Monday, November 21, 2016

positive thoughts

quotes from the buddha in the attic by julie otsuka

"most of us on the boat were accomplished and were sure we would make good wives. we knew how to cook and sew. we knew how to serve tea and arrange flowers and sit quietly on our flat wide feet for hours, saying absolutely nothing of substance at all. a girl must blend into a room: she must be present without appearing to exist. we knew how to behave at funerals, and how to write short, melancholy poems about the passing of autumn that were exactly seventeen syllables long. we knew how to pull weeds and chop kindling and haul water, and one of us - the rice miller's daughter - knew how to walk two miles into town with an eighty-pound sack of rice on her back without once breaking into a sweat. it's all in the way you breathe. most of us had good manners, and were extremely polite, except for when we got mad and cursed like sailors. most of us spoke like ladies most of the time, with our voices pitched high, and pretended to know much less than we did, and whenever we walked past the deckhands we made sure to take small, mincing steps with our toes turned properly in. because how many times had our mothers told us: walk like the city, not like the farm!"

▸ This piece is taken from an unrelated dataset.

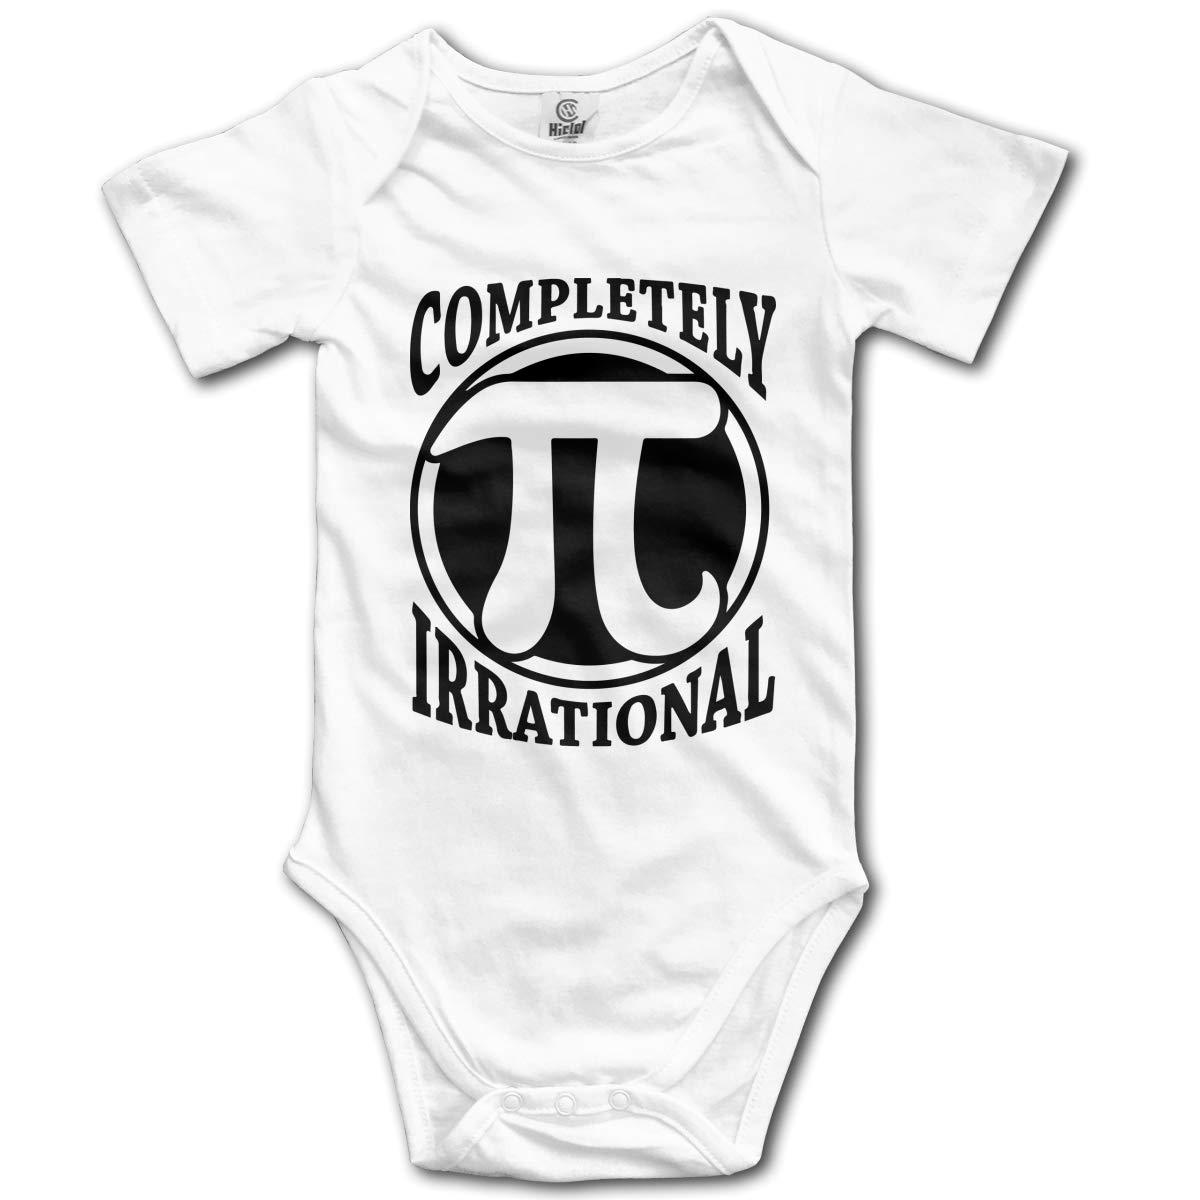 CDHL99 Completely Irrational Pi Math-1 Kids Girl Boy Short Sleeve Layette Bodysuit 0-24M
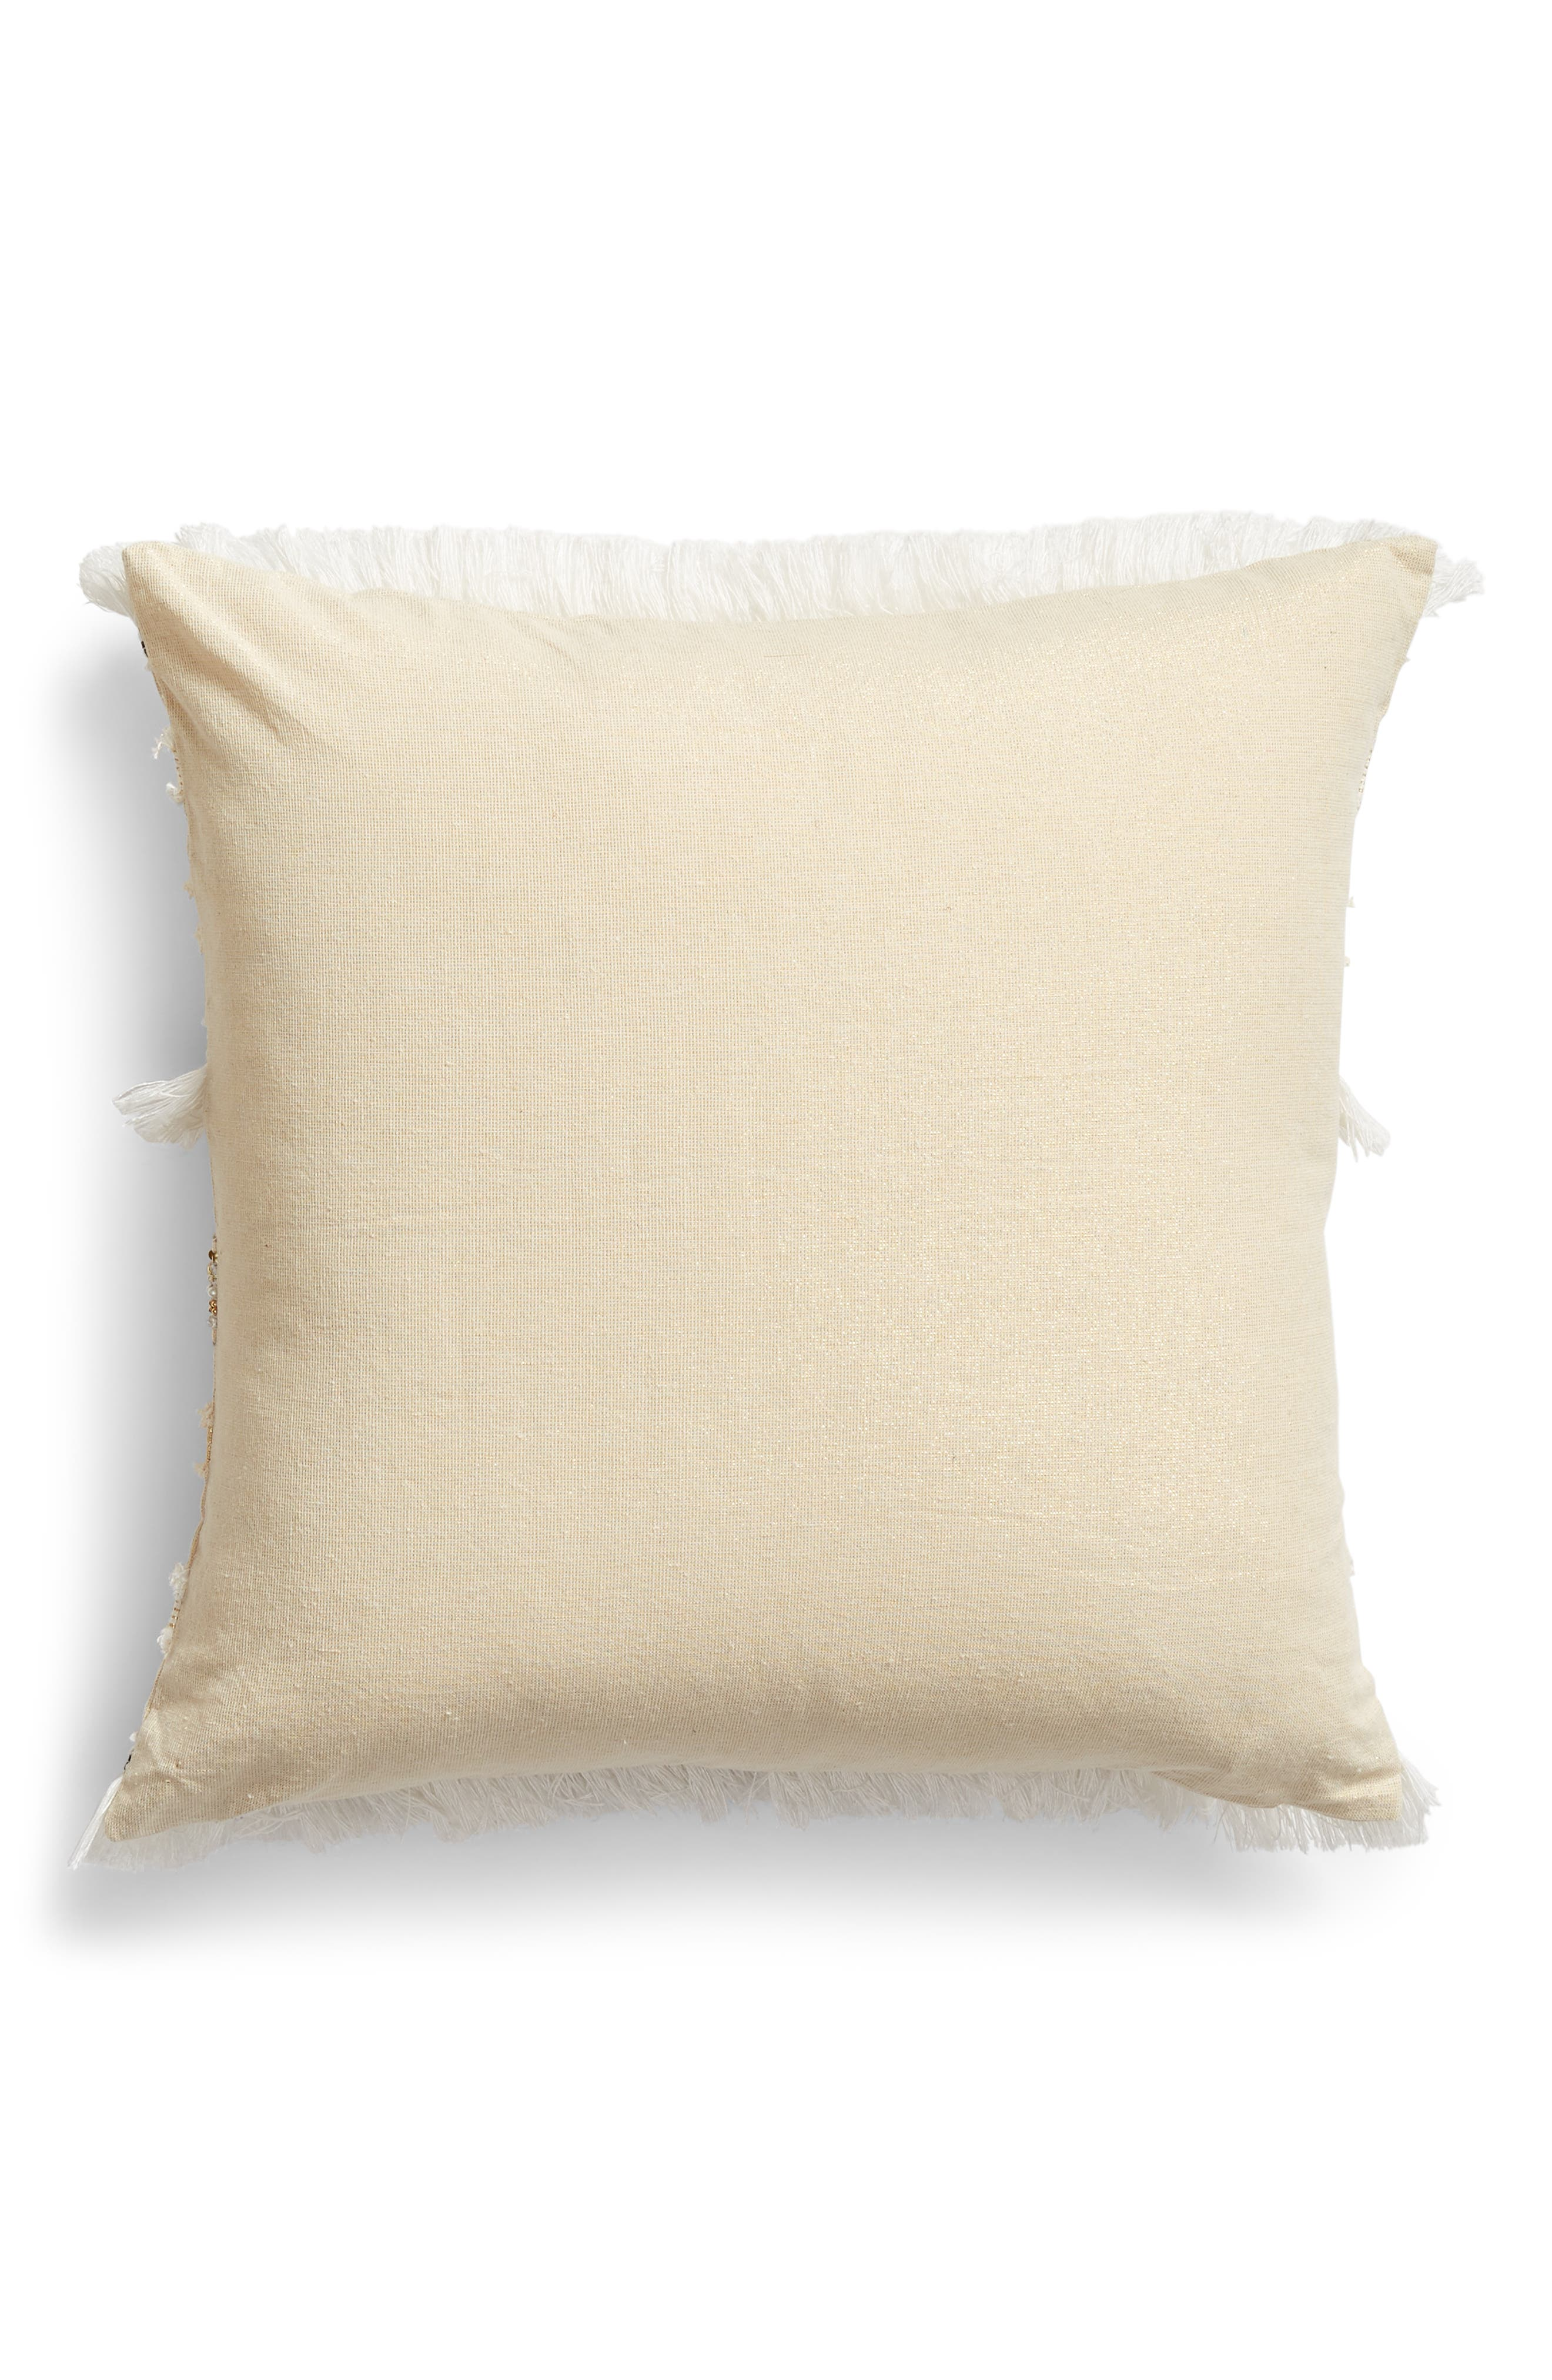 LEVTEX,                             Emory Trim Pillow,                             Alternate thumbnail 2, color,                             250

"one of us blamed them for everything and wished that they were dead. one of us blamed them for everything and wished that she were dead. others of us learned to live without thinking of them at all. we threw ourselves into our work and became obsessed with the thought of pulling one more weed. we put away our mirrors. we stopped combing our hair. we forgot about makeup. whenever i powder my nose it just looks like frost on a mountain. we forgot about buddha. we forgot about god. we developed a coldness inside us that still has not thawed. i fear my soul has died. we stopped writing home to our mothers. we lost weight and grew thin. we stopped bleeding. we stopped dreaming. we stopped wanting. we simply worked, that was all. we gulped down our meals three times a day without saying a word to our husbands so we could hurry back out into the fields. 'one minute sooner to pull one more weed.' i could not get this thought out of my mind. we spread our legs for them every evening but were so exhausted we often fell asleep before they were done. we washed their clothes for them once a week in tubs of boiling hot water. we cooked for them. we cleaned for them. we helped them chop wood. but it was not we who were cooking and cleaning and chopping, it was somebody else. and often our husbands did not even notice we'd disappeared."

"in the newspapers, and on the radio, we began to hear talk of mass removals. house to hold hearings on national defense migration. governor urges president to evacuate all enemy aliens from the coast. send them back to tojo! it would happen gradually, we heard, over a period of weeks, if not months. none of us would be forced out overnight. we would be sent far away, to a point of our own choosing deep in the zone of the interior where we could not do anyone any harm. we would be held under protective custody arrest for the duration of the war. only those of us who lived within one hundred miles of the coast would be removed. only those of us on the list would be removed. only those of us who were non-citizens would be removed. our adult children would be allowed to remain behind to oversee our businesses and farms. our businesses and farms would be confiscated and put up for auction. so start liquidating now. we would be separated from our younger children. we would be sterilized and deported at the earliest practicable date.

we tried to think positive thoughts. if we finished ironing the laundry before midnight our husband's name would be removed from the list. if we bought a ten-dollar war bond our children would be spared. if we sang 'the hemp-winding song' all the way through without making a mistake then there would be no list, no laundry, no war bonds, no war. often, though, at the end of the day, we felt uneasy, as if there was something we had forgotten to do. had we remembered to close the sluice gate? turn off the stove? feed the chickens? feed the children? tap the bedpost three times?"